Records shown:
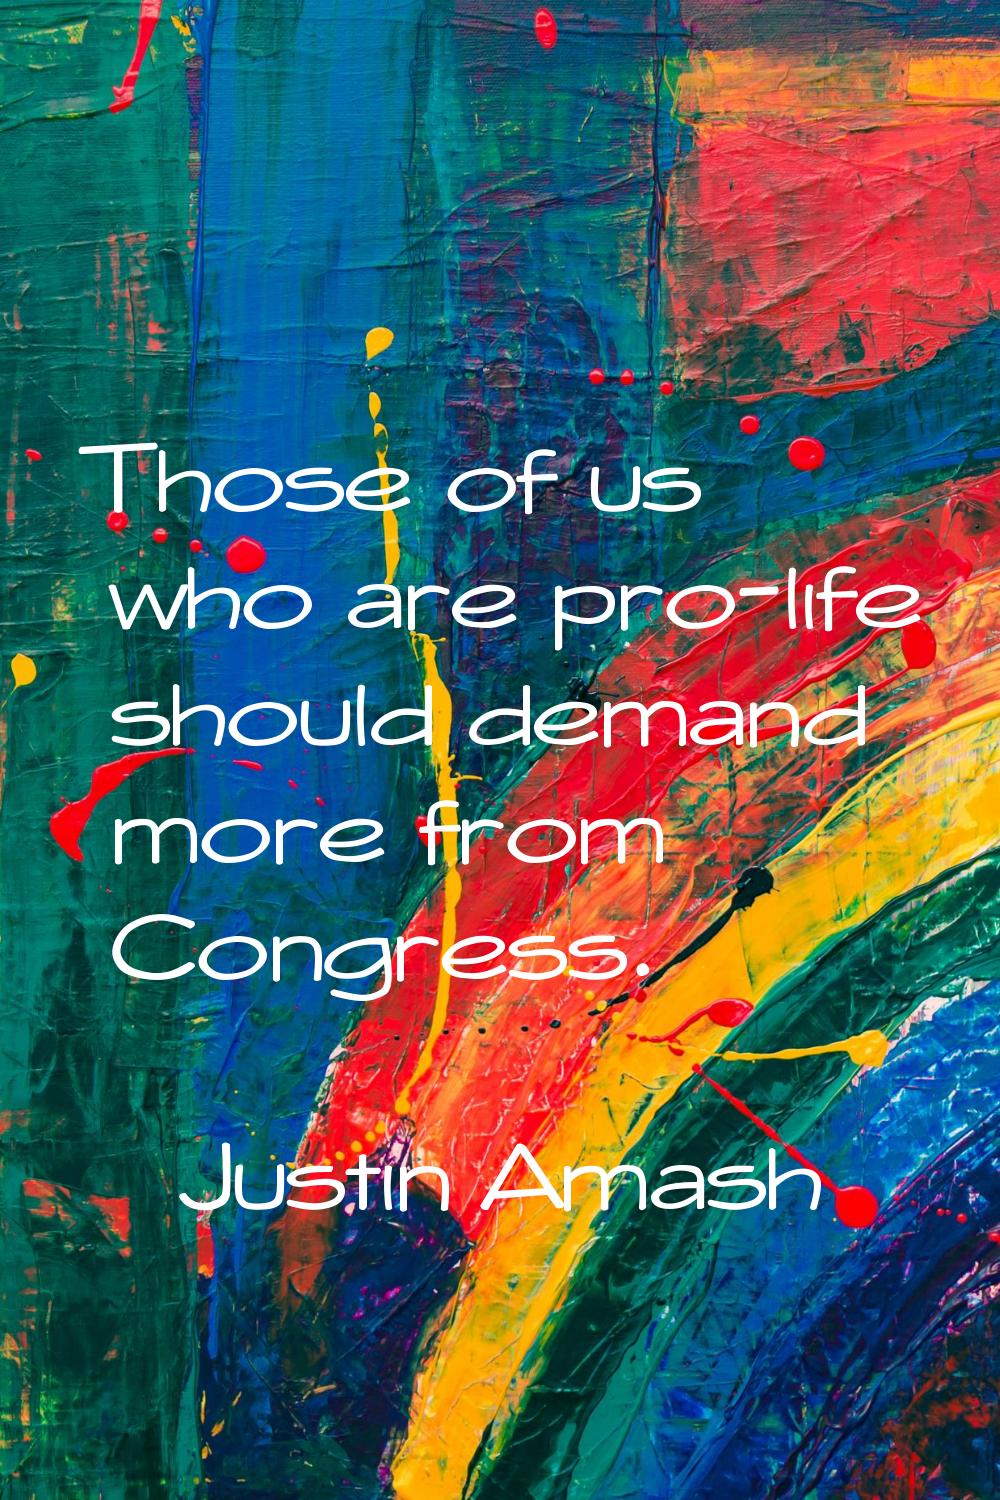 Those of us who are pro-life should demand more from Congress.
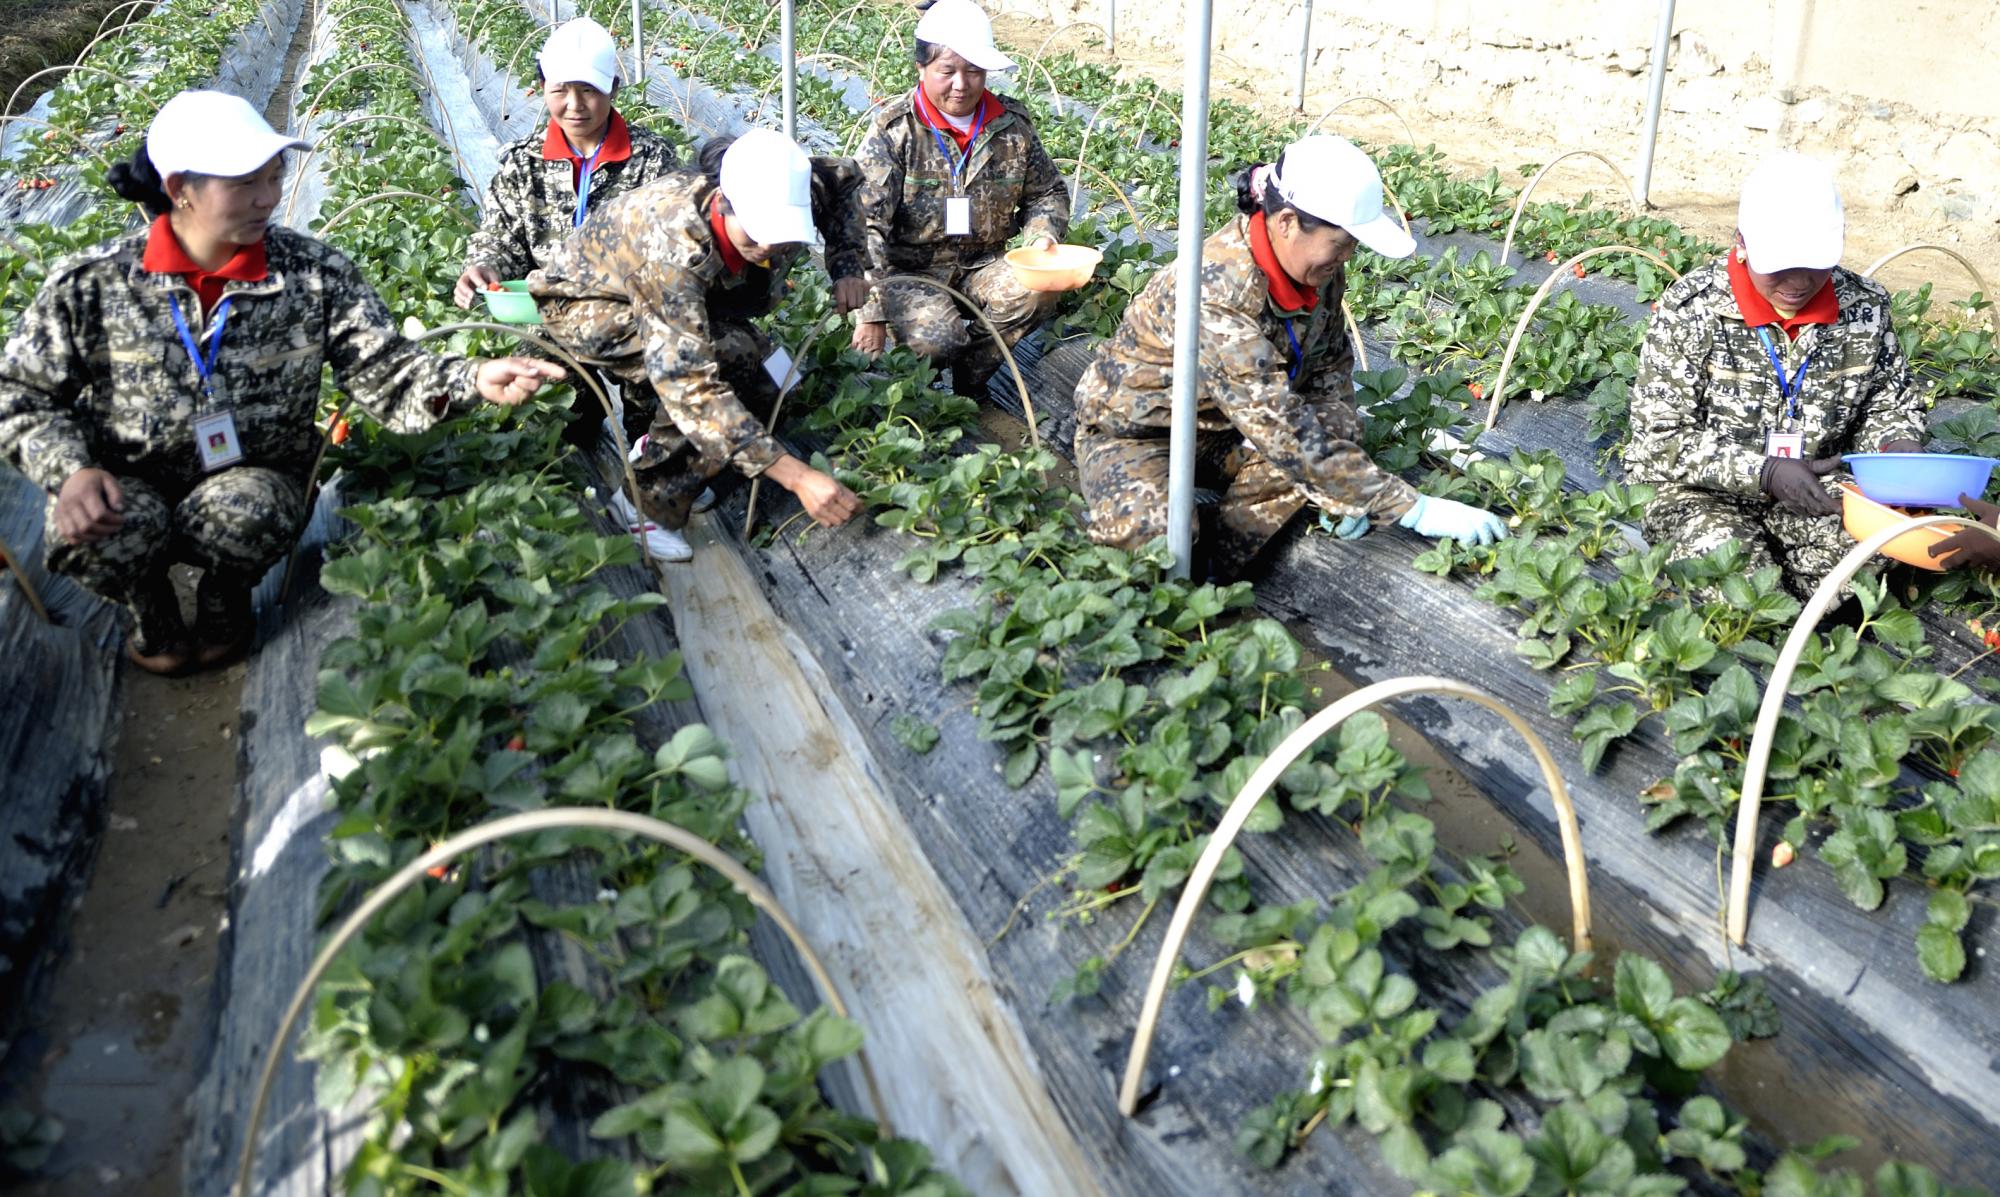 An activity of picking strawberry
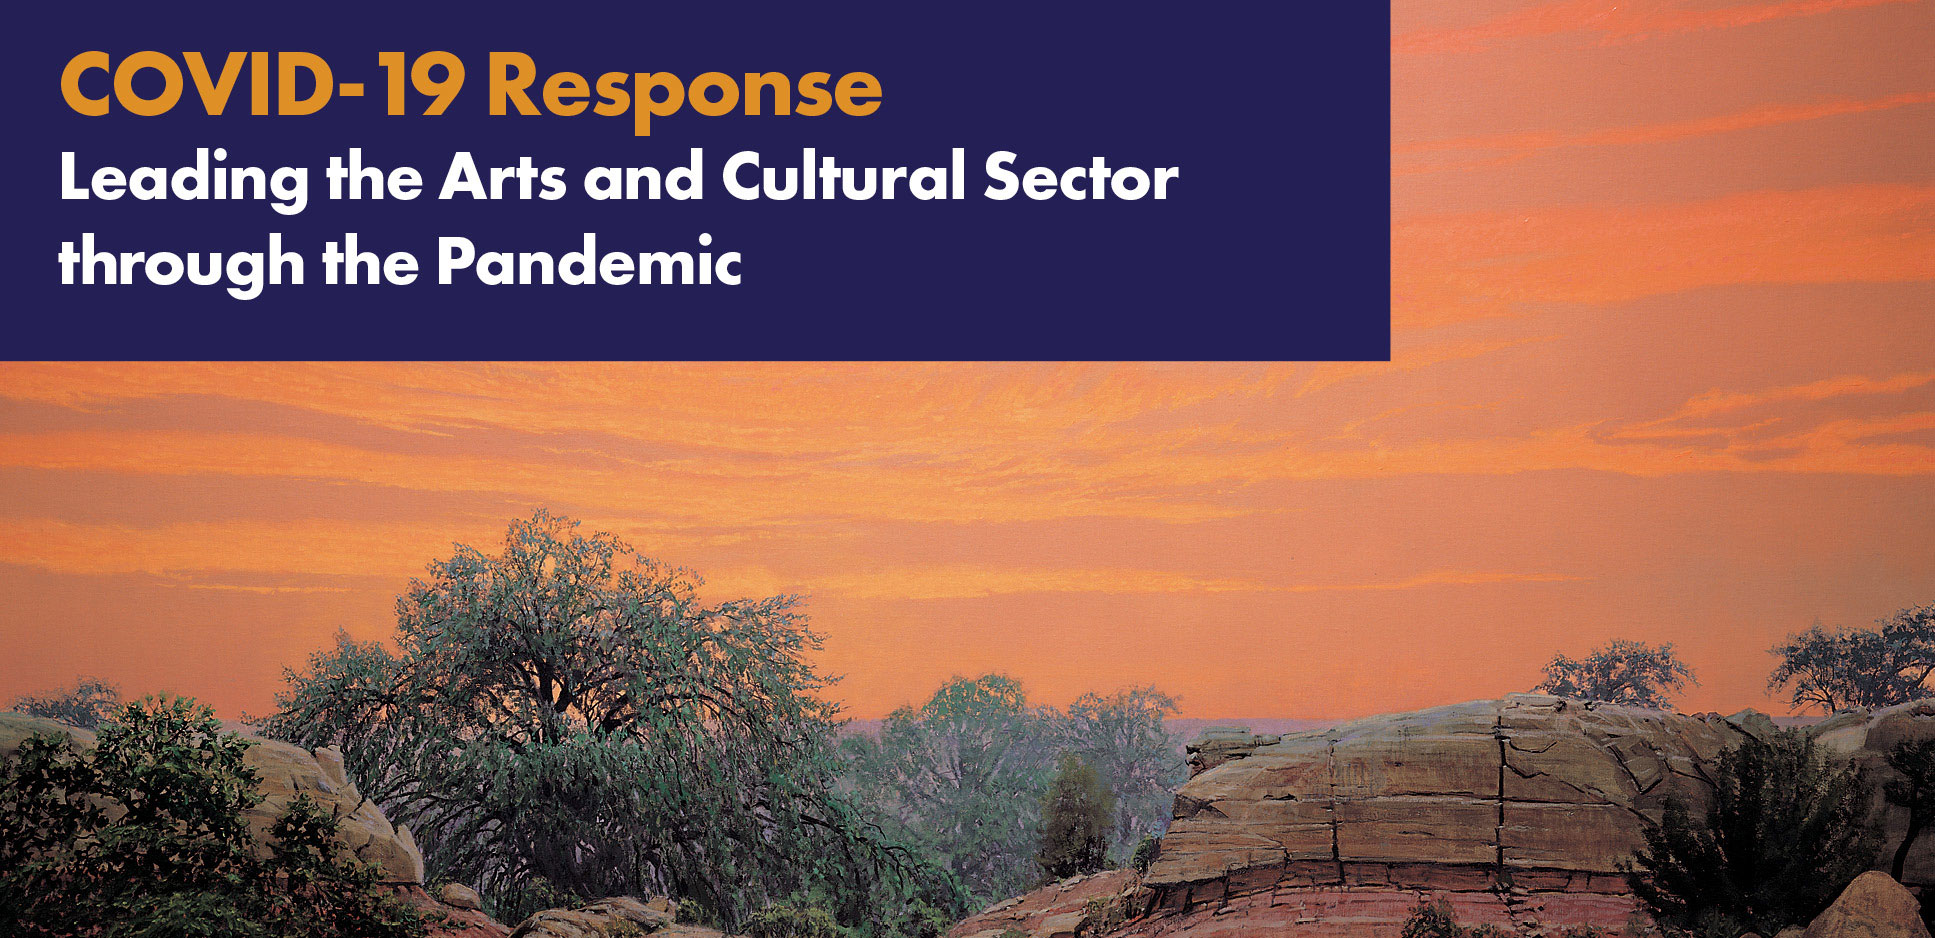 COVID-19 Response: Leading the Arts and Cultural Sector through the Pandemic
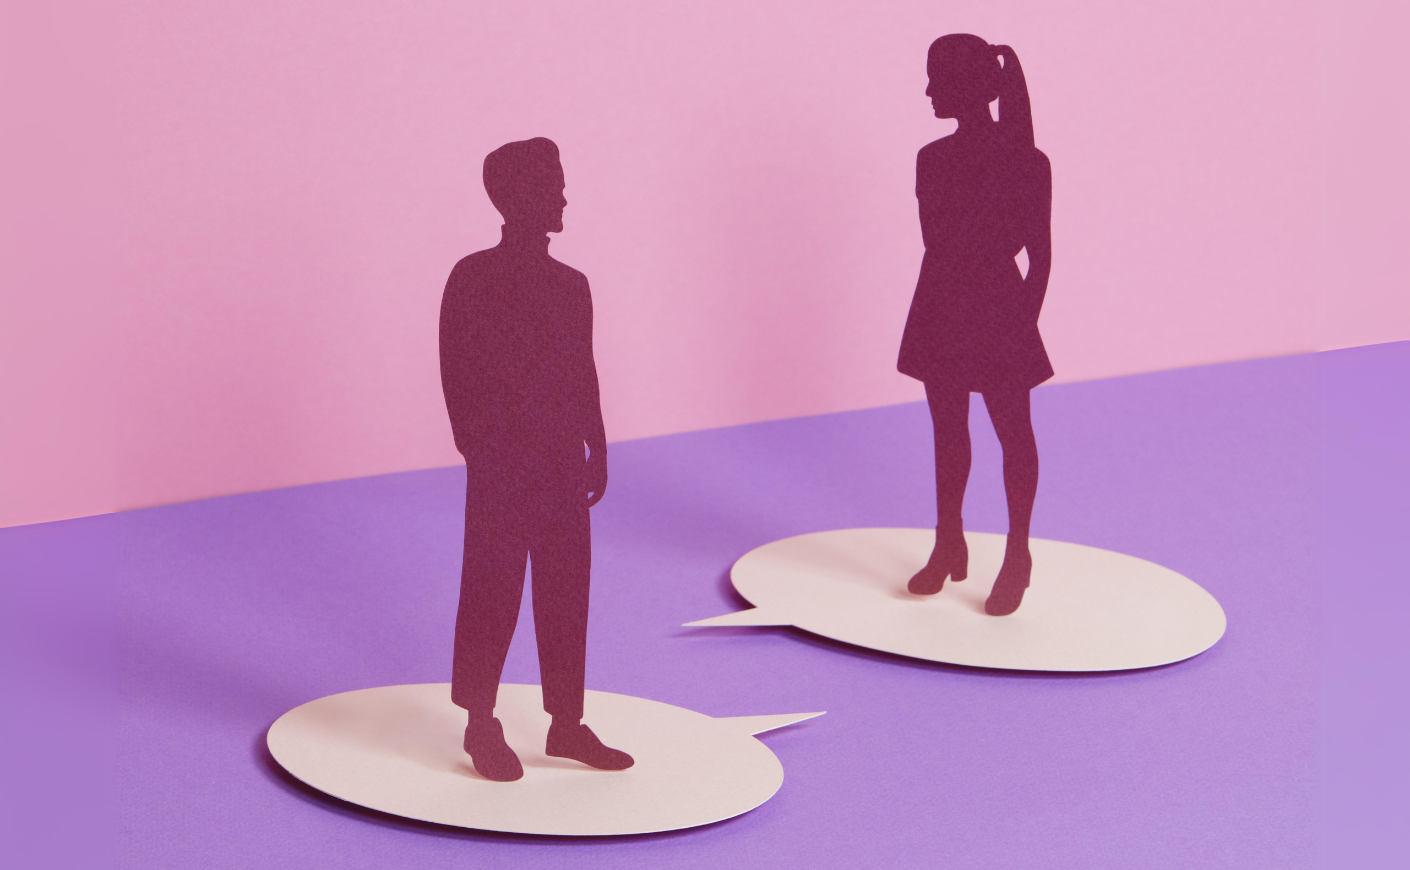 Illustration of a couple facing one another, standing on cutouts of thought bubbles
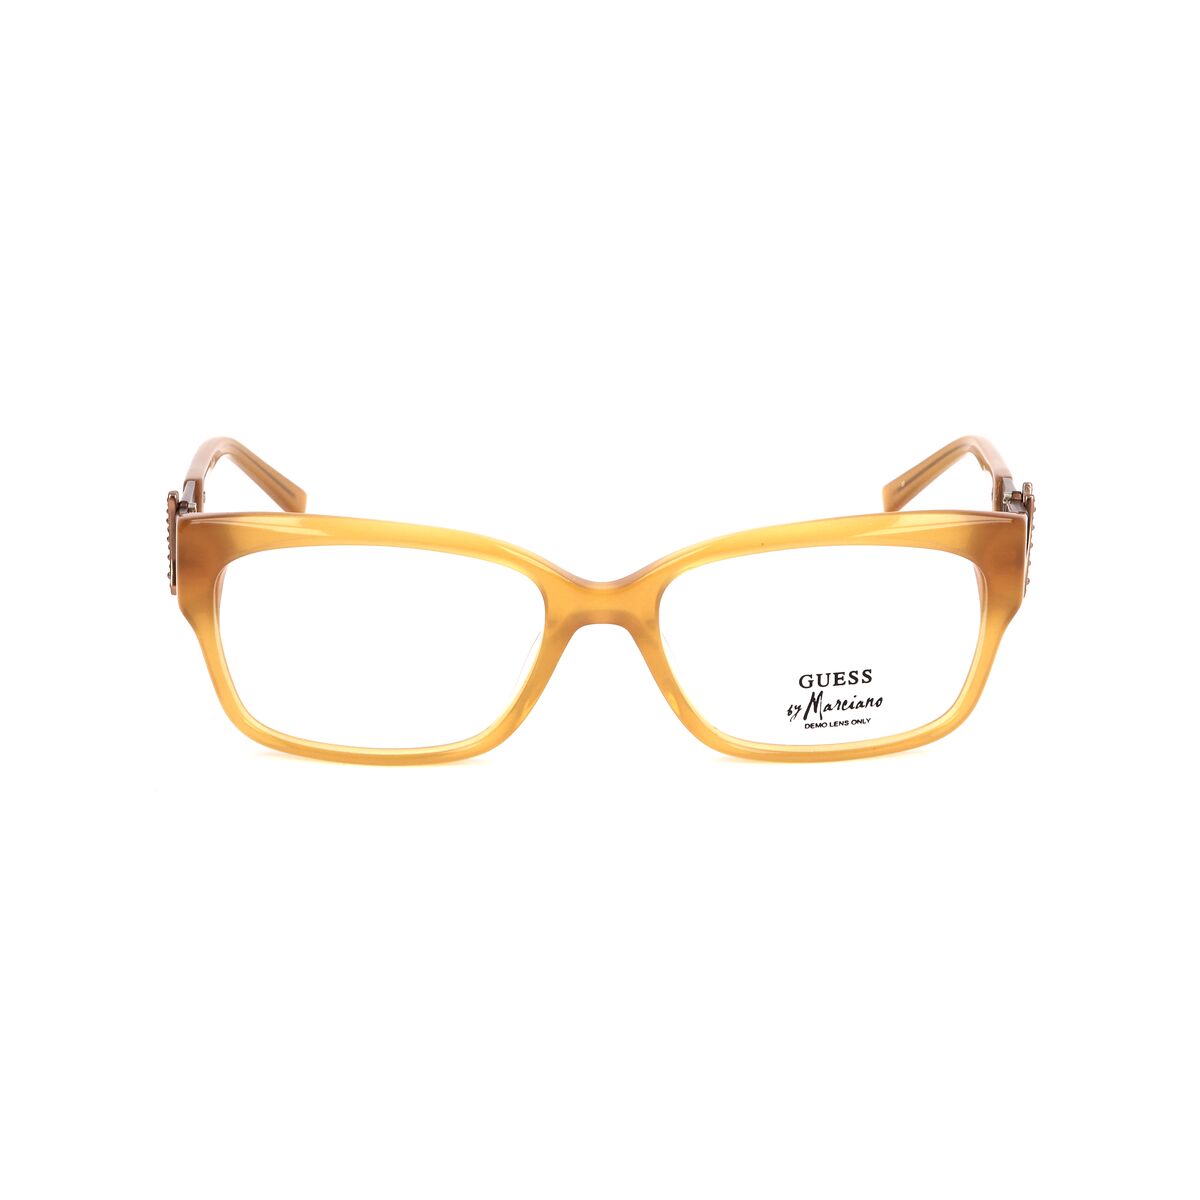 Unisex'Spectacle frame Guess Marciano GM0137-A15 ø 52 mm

Task objective:
Set every line of the records down again exactly, and exclude all pictures.

Written response:
 Those of us who are pro-life should demand more from Congress.
 An activity of picking strawberry
 COVID-19 Response: Leading the Arts and Cultural Sector through the Pandemic
 Illustration of a couple facing one another, standing on cutouts of thought bubbles
 Unisex'Spectacle frame Guess Marciano GM0137-A15 ø 52 mm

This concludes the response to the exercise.